Mientras paseo, noto las miradas de los camareros de los locales que aún permanecen abiertos. Unos camareros que muestran su desgana apoyados en las paredes y estrujan un cigarro entre sus labios con profesional prisa, mientras observan si alguien entra en sus establecimientos. Mientras, sigo paseando obviándolos, mirando a lo lejos, sin prestar atención a nada concreto. Me dejo vagar por las venas grisáceas de mi ciudad. Olvido mis penas y evado mi mente. Vacío mi cerebro de los recuerdos de la realidad que nos rodea; de la política que nos defrauda y de la incultura, el mal gusto y la vulgaridad que nos inunda. Ignoro programas que confunden a sus seguidores haciéndoles pensar que lo zafio es sinónimo de moderno. Me dejo llevar por sonidos y olores olvidados o añejos. Que me trasportan a paseos veraniegos por mi ciudad de la mano de mis abuelos. Por la ciudad abrasadora, sudorosa, febril y hermosísima. Dejo vagar mis recuerdos por mi ciudad.

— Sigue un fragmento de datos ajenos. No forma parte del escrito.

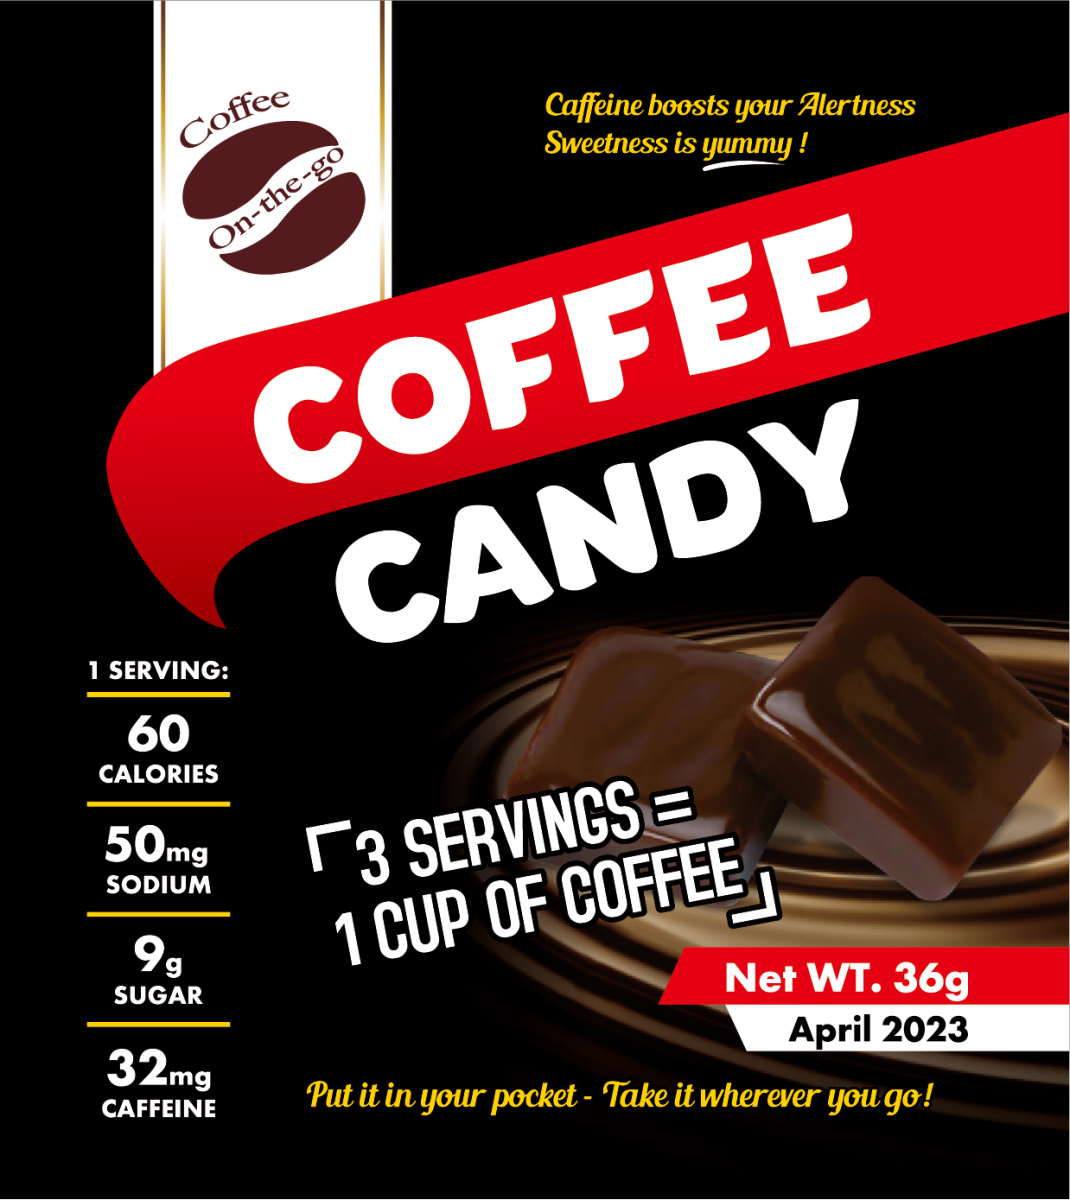 Students can win up to $500 in CoffeeCandy Raffle 

Mis paseos proliferan por las avenidas solitarias. Cuánto más solitarias, mejor. Están tan vacías que hace que me sienta como Eduardo Noriega en la película «Abre los ojos» de Alejandro Amenábar, cuando deambula por una Gran Vía desierta. Dejo guiar mis zapatos sin rumbo por la ciudad vacía, dejándome llevar hacia donde las sombras dirijan mis pasos. Mientras voy posando mi mirada en cada olvidado rincón. Aquí y allá. En cada lugar que llama mi atención detengo mi mirada. Continúo embebido por la belleza de sus magníficas fachadas. Asombrado por paisajes urbanos desconocidos en época de estrés y prisa. Que pasan como brochazos indefinidos de colores. Parajes ilocalizables entre el gentío, el ruido y la locura. Dejándome inundar por los coloridos aromas de sus jardines y parques. Deslizando mi mirada por los escaparates de las librerías. Entrando en librerías de antiguo que me trasladan a otro mundo, a otra realidad. Aspiro el aroma a libro antiguo, a clásico, a verdades inmutables.
Lamentablemente toda esta calma dura unos pocos días. Quizá podamos unir a días sueltos de junio y la segunda quincena de julio, el mes de agosto y la diáspora madrileña que se produce en épocas muy concretas, como puentes o Semana Santa, pero poco más. Y, si bien ese sueño es efímero y pasa veloz, el poso dejado en el alma de quien lo ha vivido y disfrutado, no lo abandonará jamás. Haciendo que te enamores sin remisión de mi ciudad. De Madrid. Del oasis de asfalto. Un oasis sudoroso de calma que, como digo, se desvanece ante tus ojos a medida que va acercándose septiembre y el dorado otoño. Las noches van haciéndose más refrescantes de modo casi imperceptible y, finalmente, sin saber muy bien cómo, el sueño deja paso al brumoso y refrescante despertar. Los sonidos de la ciudad vuelven a ir subiendo de volumen y el trino los pájaros pasan a ser un recuerdo cada vez más lejano. Empiezan a teñirse de ocre los árboles de mi calle, la tristeza regresa y comienza a llover. Pues ya llegó de nuevo a mi ciudad el final del verano.